The processor is adapted to perform at least one of the mentioned above operations by executing code. It is noted that the adaptation involve providing hardware circuitries that can assist in executing one or more of the mentioned above stages. The hardware can include memory circuitry, logic circuitry, filters, and the like.
Conveniently, the input image belongs to an input image sequence and processor 210 is adapted to apply a conversion process in response to a relationship between the input image and at least one other input of the input image sequence.
Processor 210 can execute at least one stage of methods 100 or 300 or a combination thereof. It can, for example, perform data reduction, wavelet decomposition, group of frames processing, and panning.
Stage 110 can include at least one of the following: (i) stage 112 of determining a importance input pixel mask, (ii) stage 113 of determining an importance of an input pixel in response to motion associated with each of the multiple input pixels; the determination can include assigning a binary motion base saliency score to an input pixel or assigning a non-binary motion base saliency score of a pixel in response to the amount of motion; (iii) stage 114 of determining an importance of an input pixel in response to a saliency score of the input pixels; (iv) stage 115 of determining an importance of an input pixel in response to an inclusion of an input pixel within a an input image that represents a face of a person.
Stage 110 is followed by stage 120 of applying on each of the multiple input pixels a conversion process that is responsive to the interest value of the input pixel to provide multiple output pixels that form the output image; wherein the input image differs from the output image.
Stage 120 can be preceded by stage 119 of performing a data reduction stage. The performing can include representing each set of pixels by a single variable, ignoring pixel importance information, and the like.
Conveniently, the input image belongs to an input image sequence and wherein the applying is responsive to a relationship between the input image and at least one other input of the input image sequence.
Method 300 differs from method 100 by the processing of a group of input images.
Method 300 starts by stage 310 of determining an interest value for each input pixels out of multiple input pixels of the group of input images. These multiple input images can form a shot or a portion of a shot.
Stage 310 can resemble stage 110 but it is applied on pixels of a group of images. It can be applied on these pixels simultaneously.
Stage 310 can include stages that are analogue to stages 111-115 and 119. For example, stage 310 can include applying a data reduction stage to provide results of a data reduction stage. It this case stage 320 will include applying on each of the results of the data reduction stage a conversion process that is responsive to the importance value of the results to provide converted results.
Stage 310 is followed by stage 320 of applying on each of the multiple input pixels of the group of images a conversion process that is responsive to the interest value of the input pixel to provide multiple output pixels that form the output image; wherein the input image differs from the output image. The conversion process of a certain image can be responsive to one or more frames that precede this certain image and to one or more mages that follow this certain image.
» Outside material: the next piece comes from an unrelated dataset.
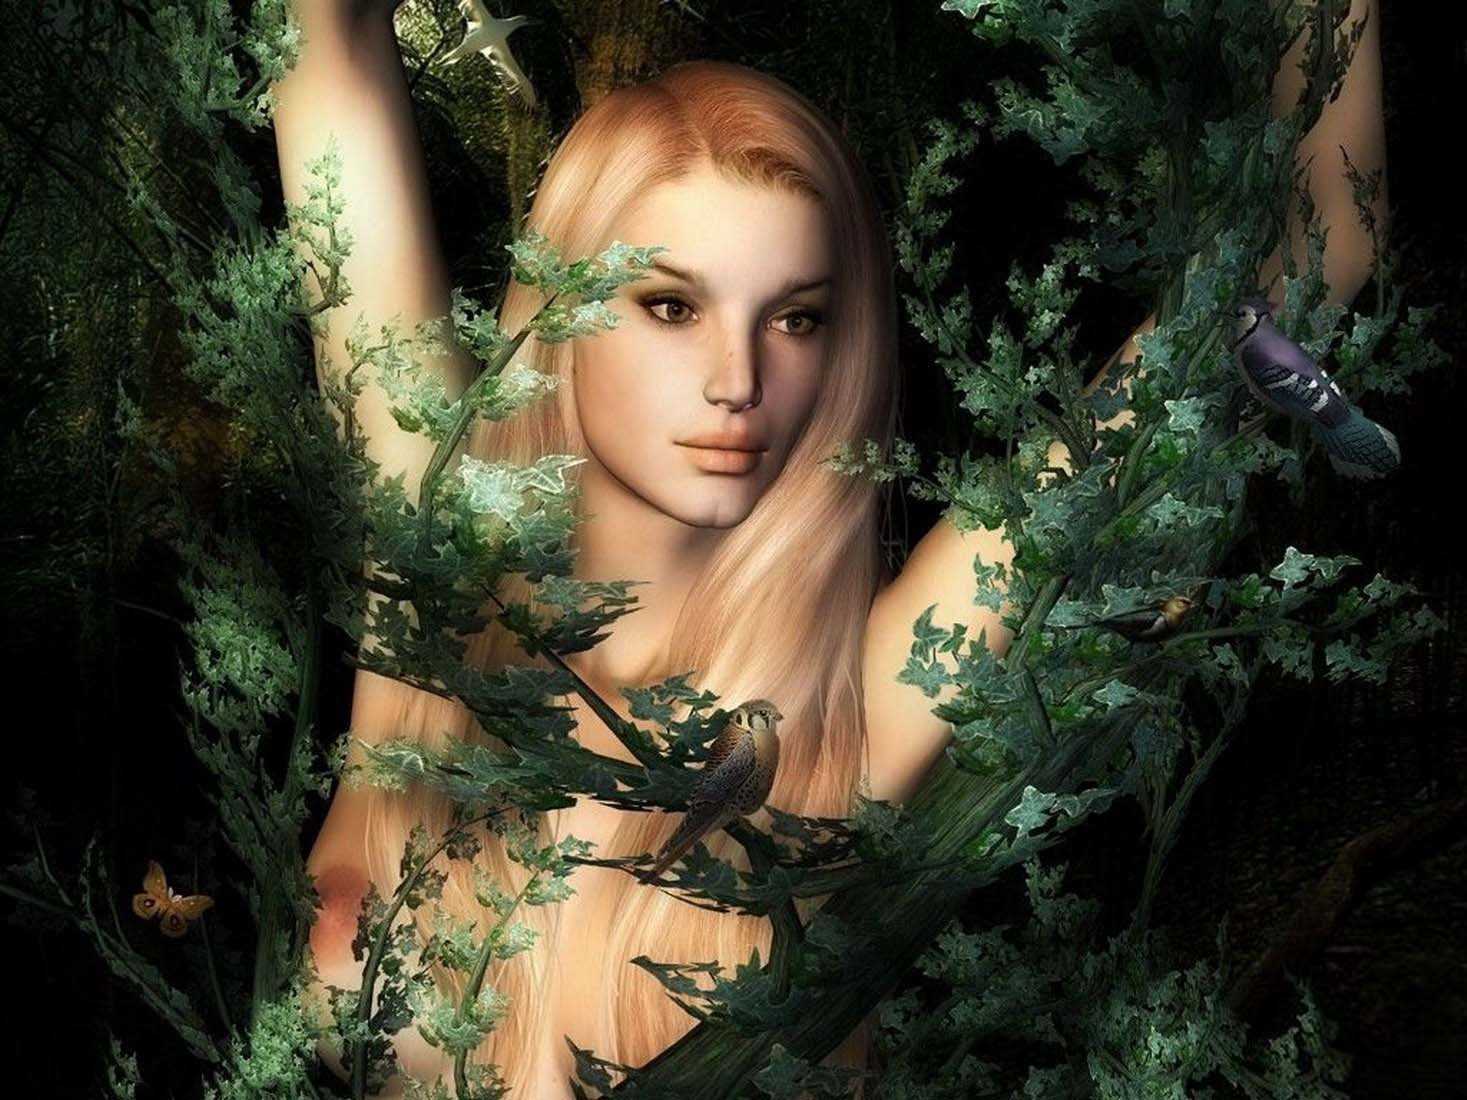 Дриады в мифологии — божества живущие в лесу

Stage 320 can include stages that are analogue to stages 121-127. It can also include stage 328 of applying the conversion process on elements of a combined saliency matrix, wherein the combined saliency matrix includes multiple saliency matrices, each representative of a saliency of multiple pixels of a single input image out of the group of input images.
Stages 310 and 320 can be executed in a manner that generates a panning effect. Assuming that a sequence of K images (IA(1) . . . IA(K)) form a shot, that the panning effect includes a movement of the camera from left to right, and that portions of size P×Q pixels should be regarded as the input image. In this case the first input image will include the leftmost P*Q pixels of IA(1), the second input image will include a slightly shifted portion of P×Q pixels of IA(2) and the K'th input image should include the rightmost P*Q pixels of IA(K). The pixels that belong to these input images can be processed by applying stages 310 and 320 to provide a panning effect.
Sample Images
The top row of
Each of
Each of
APPENDIX A illustrates a method and system for providing an output image. Especially, a method and device for inhomogeneous 2D texture mapping guided by a feature mask is provided. The mapping can apply one or more conversion processes that are responsive to the feature mask. The mapping preserves some regions of the image, such as foreground objects or other prominent parts. The method is also referred to as the method illustrated in appendix A. This method includes receiving an input frame and a feature mask defined by a rough selection of the features interest map and mapping them (by solving a sparse equation set) to an output frame. If a rigid transformation (rigid mapping) is applied then the featured indicated in the feature mask can undergo (during the mapping) a similarity transformation, possibly at the expense of the background regions in the texture that are allowed to deform more. If a similarity transformation (similarity mapping) is applied then the size of a feature can be slightly changed.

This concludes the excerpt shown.